Financial terms of the deal were not disclosed.

The plant will produce Oryxe's new diesel additive to be distributed in Texas later this year.

The deal is important because it gives Oryxe a boost in manufacturing its first product to market, called OR-LED, an additive for diesel fuel. The additive has been approved by the Texas Commission on Environmental Quality and produces a fuel that meets Texas' new diesel low-emission requirements that go into effect Oct. 1.

Oryxe, a privately held company founded in 2001, has signed two distributors for its additive. "These are small deals but we are in discussions with many others," said Kevin McGlensey, president of Oryxe. "We think we will have contracts of 30 to 40 percent of that low-emission diesel market by the end of July," he said.

The additive is mixed with diesel as it is being pumped into the delivery truck, so refiners don't have to retool their equipment to make the low-emission diesel.

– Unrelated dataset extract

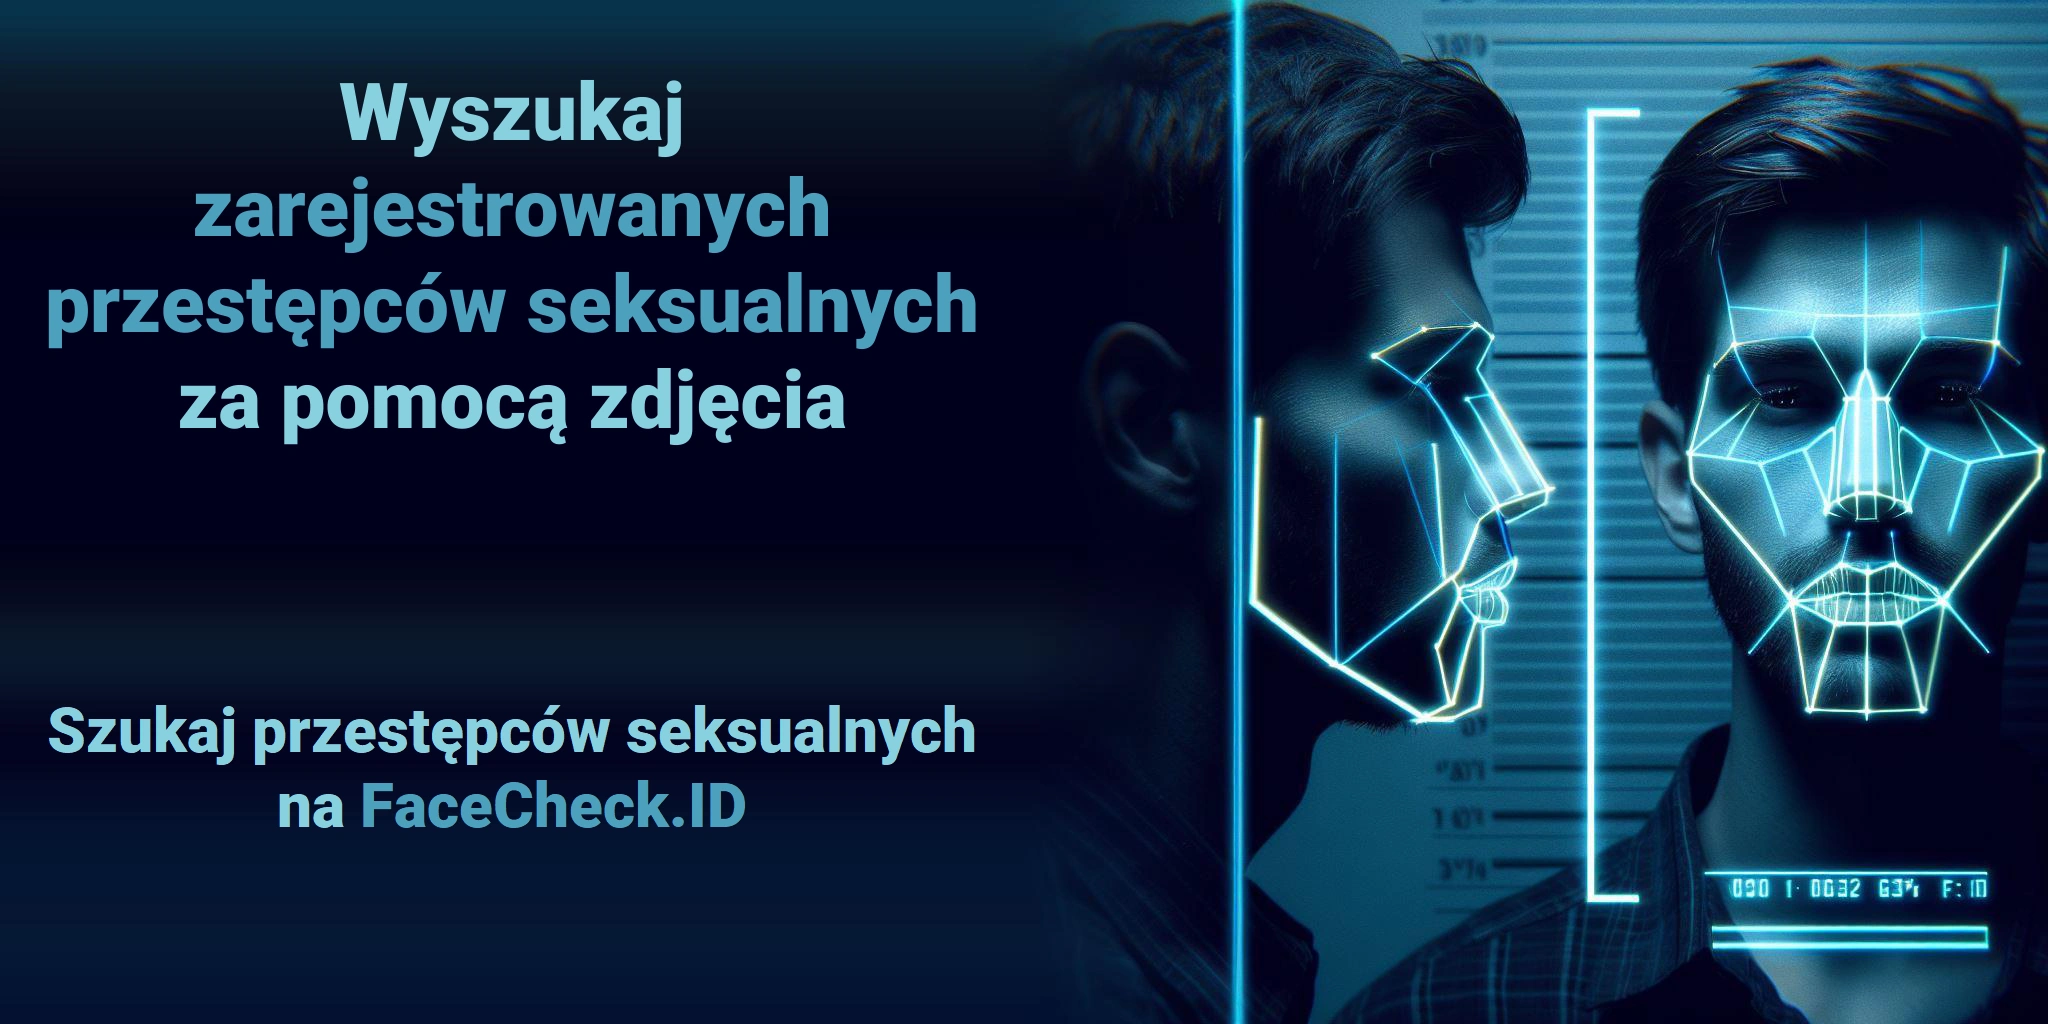 Wyszukaj zarejestrowanych przestępców seksualnych za pomocą zdjęcia  Szukaj przestępców seksualnych na FaceCheck.ID 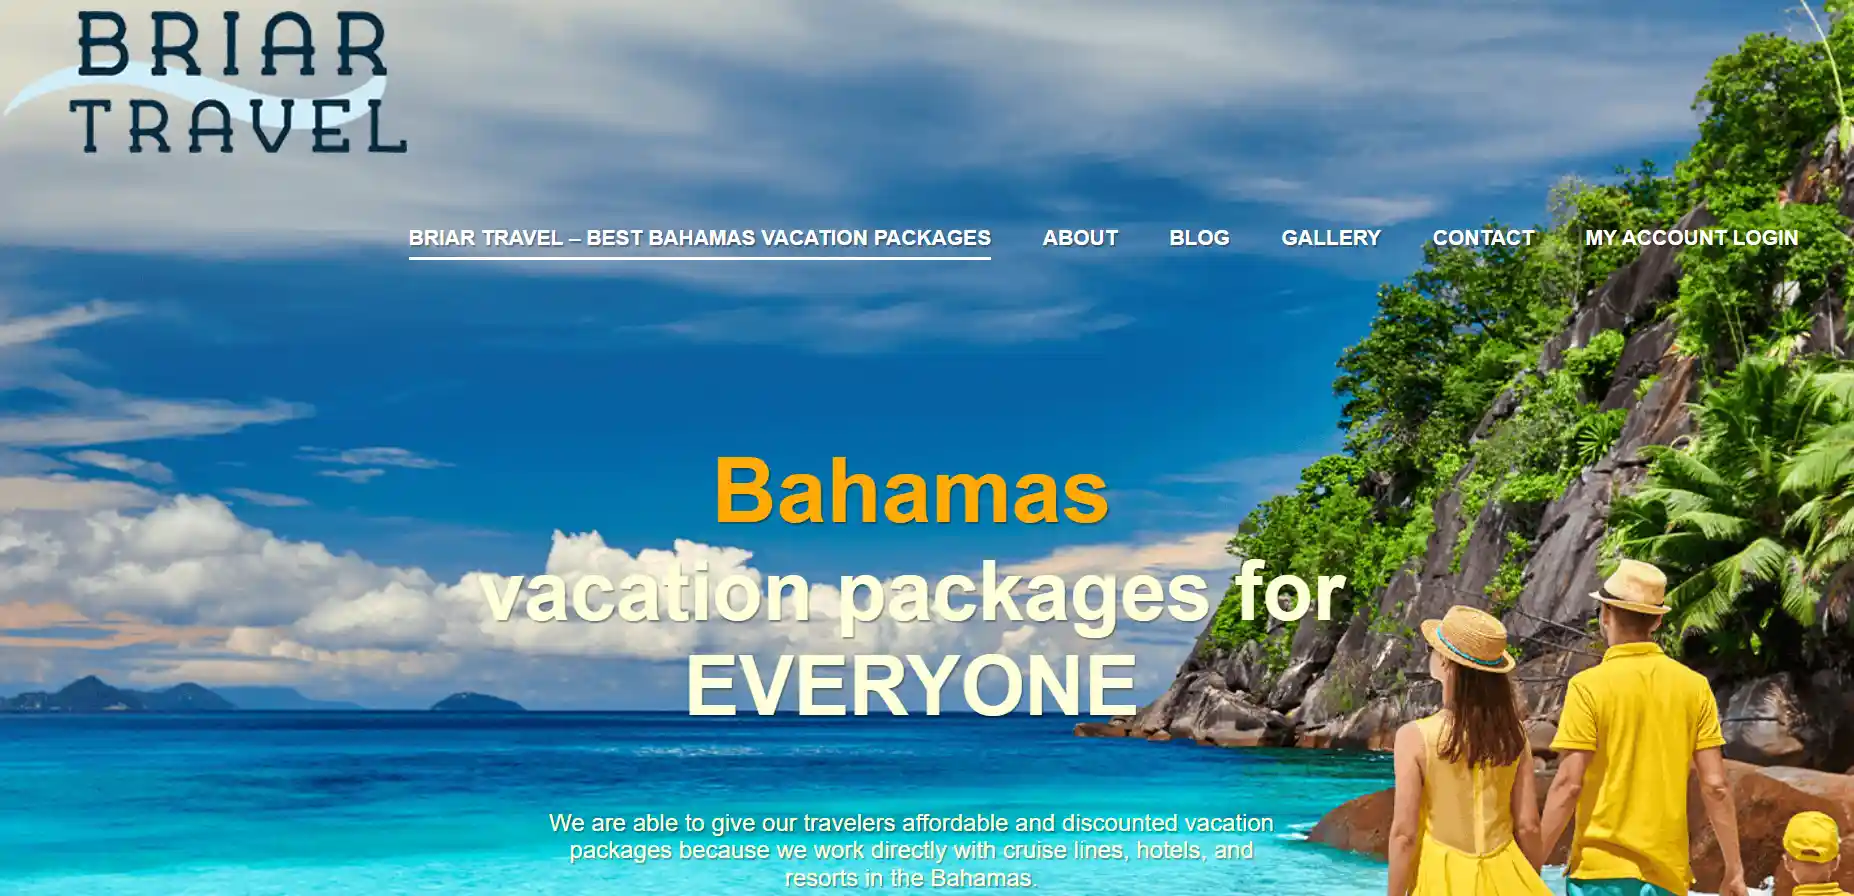 briar travel bahamas trip

"Texas has learned from California," McGlensey said. "In California, you had to produce a fuel that met the formulation." That gives the state what's known as a "boutique fuel" that is primarily made in California and only used in California. When refineries in California have operational problems that cut into production, especially during the summer, the cost of fuel rises because the state has few places to turn for its fuel.

Texas gave more options for compliance because many of the refineries in that state make fuel for other parts of the nation, McGlensey said. Texas told companies they could either follow a formulation, import the cleaner-burning diesel or allow for new technologies, such as additives.

McGlensey said Oryxe has been working with the California Air Resources Board and refiners in the Golden State to see if their additives can produce a more cost-effective diesel.

The company is also working on an additive for California gasoline. It could be on the market as soon as a year from now, McGlensey said. That could take some pressure off the delicate supply and demand issues here.

"With our protocol and additive, refineries could produce 5 to 8 percent more gasoline from the same barrel. ... Imagine if we can add 3 million gallons to the market and reduce the cost .... that would be significant."

Afton specializes in manufacturing fuel lubricants and additives. The plant in Pasadena, Texas, should be running by September.